Highlights & Insights¶
- Extreme Simplicity: The entire core of the method is a single line of code—changing
Normalize(fixed_mean, fixed_std)toNormalize(random_mean, random_std). However, the insight is profound. - Thinking about FL from a Data Perspective: While the vast majority of FL research focuses on optimization/aggregation strategies, this paper returns to the data itself: "If distribution skew is caused by the data, why not handle the data directly?"
- Randomness is Key: Instead of normalizing with some "optimal" statistics, the method performs random selection. This allows the model to observe from multiple distributional perspectives, similar to the randomness principle in data augmentation.
Limitations & Future Work¶
- It only validates feature distribution skew scenarios, leaving label distribution skew and joint skew untested.
- The statistics are calculated only once before training and are not dynamically updated as the model trains.
- The improvement margin on large-scale datasets (such as DomainNet 6 domains) is relatively small (+1.2%), possibly due to insufficient granularity of the statistics.
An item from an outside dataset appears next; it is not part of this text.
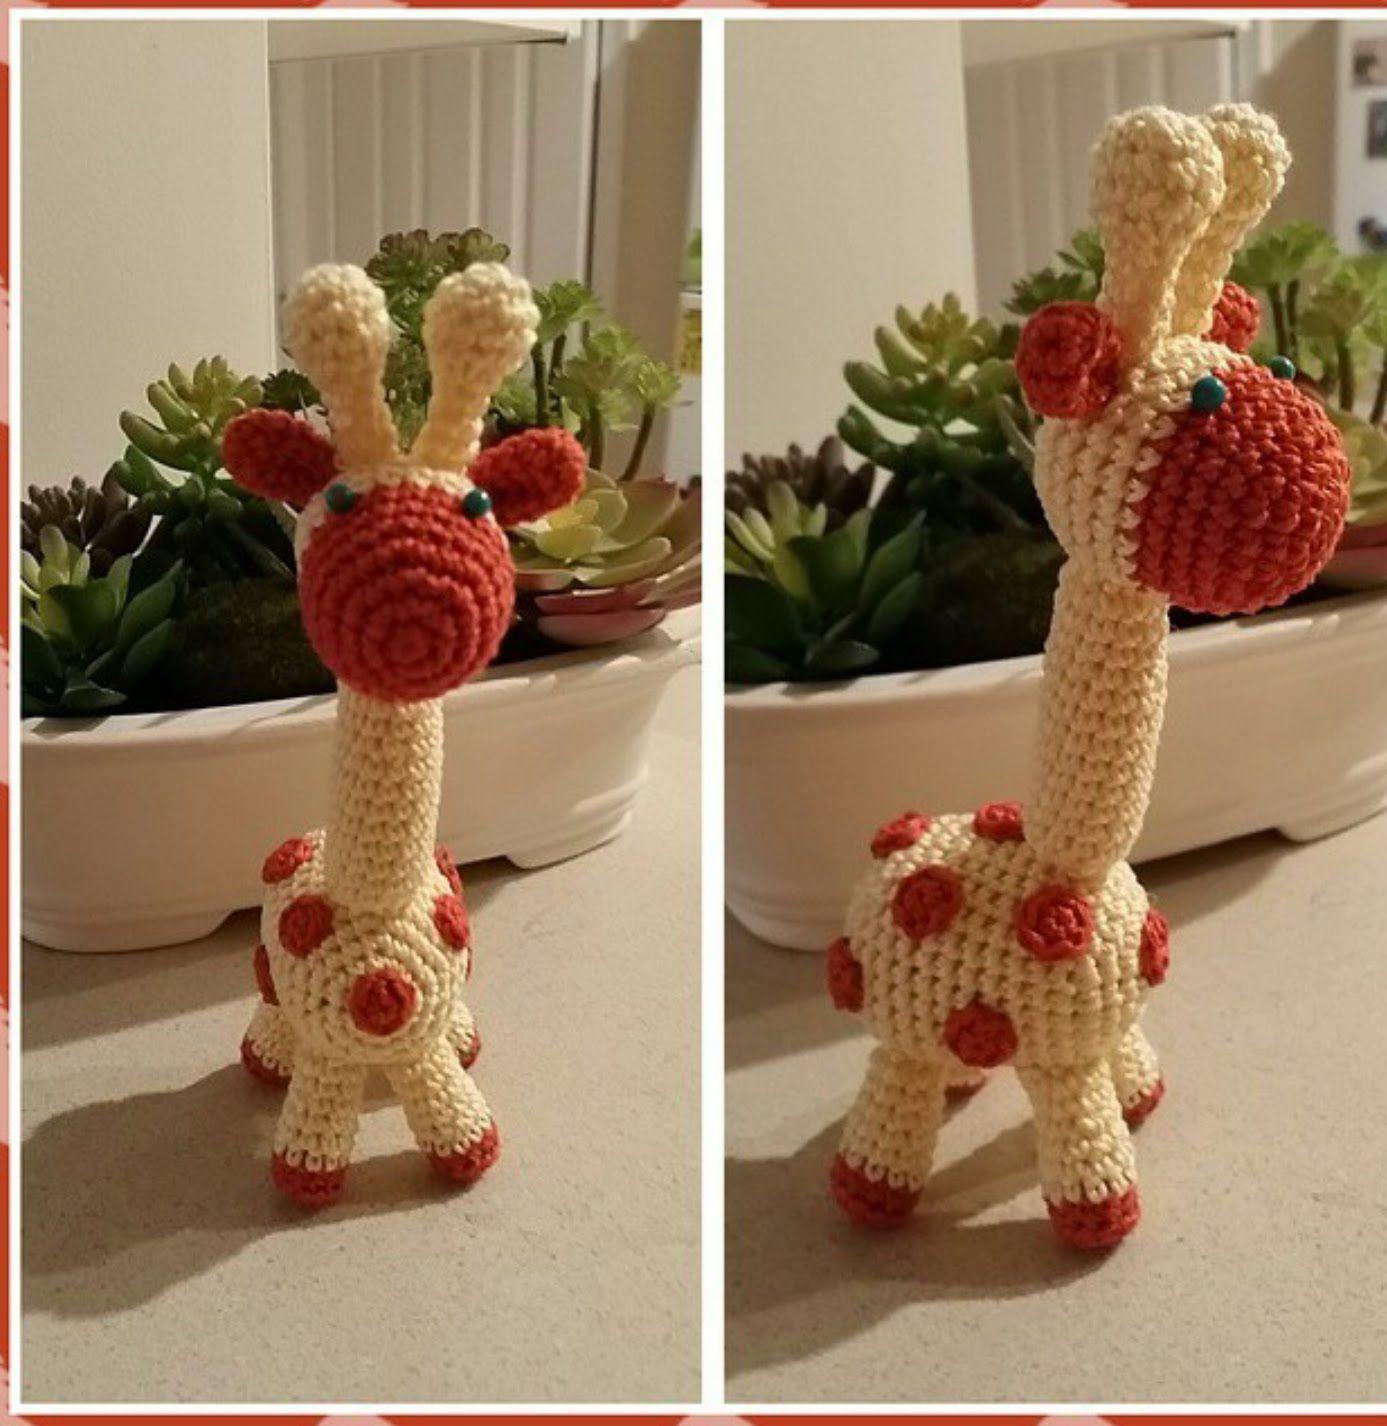 вязание крючком игрушки жираф мастер класс куклы вязание

- Channel-wise statistics may be insufficient to capture complex distributional differences (such as spatial structure differences).
Rating¶
- Novelty: ⭐⭐⭐⭐ Strikingly simple method with profound insight—the idea of using random normalization for distribution augmentation is highly novel.
- Experimental Thoroughness: ⭐⭐⭐⭐ Evaluated on 3 datasets, 6 FL methods, and compared with 4 augmentation methods, though it lacks verification on more non-IID scenarios.
- Writing Quality: ⭐⭐⭐⭐ The methodology is clearly described, and the pseudocode in the Algorithm is concise.
- Value: ⭐⭐⭐⭐⭐ Plug-and-play, zero extra overhead, privacy-secure, and consistent improvements—highly adopting-ready for FL practitioners.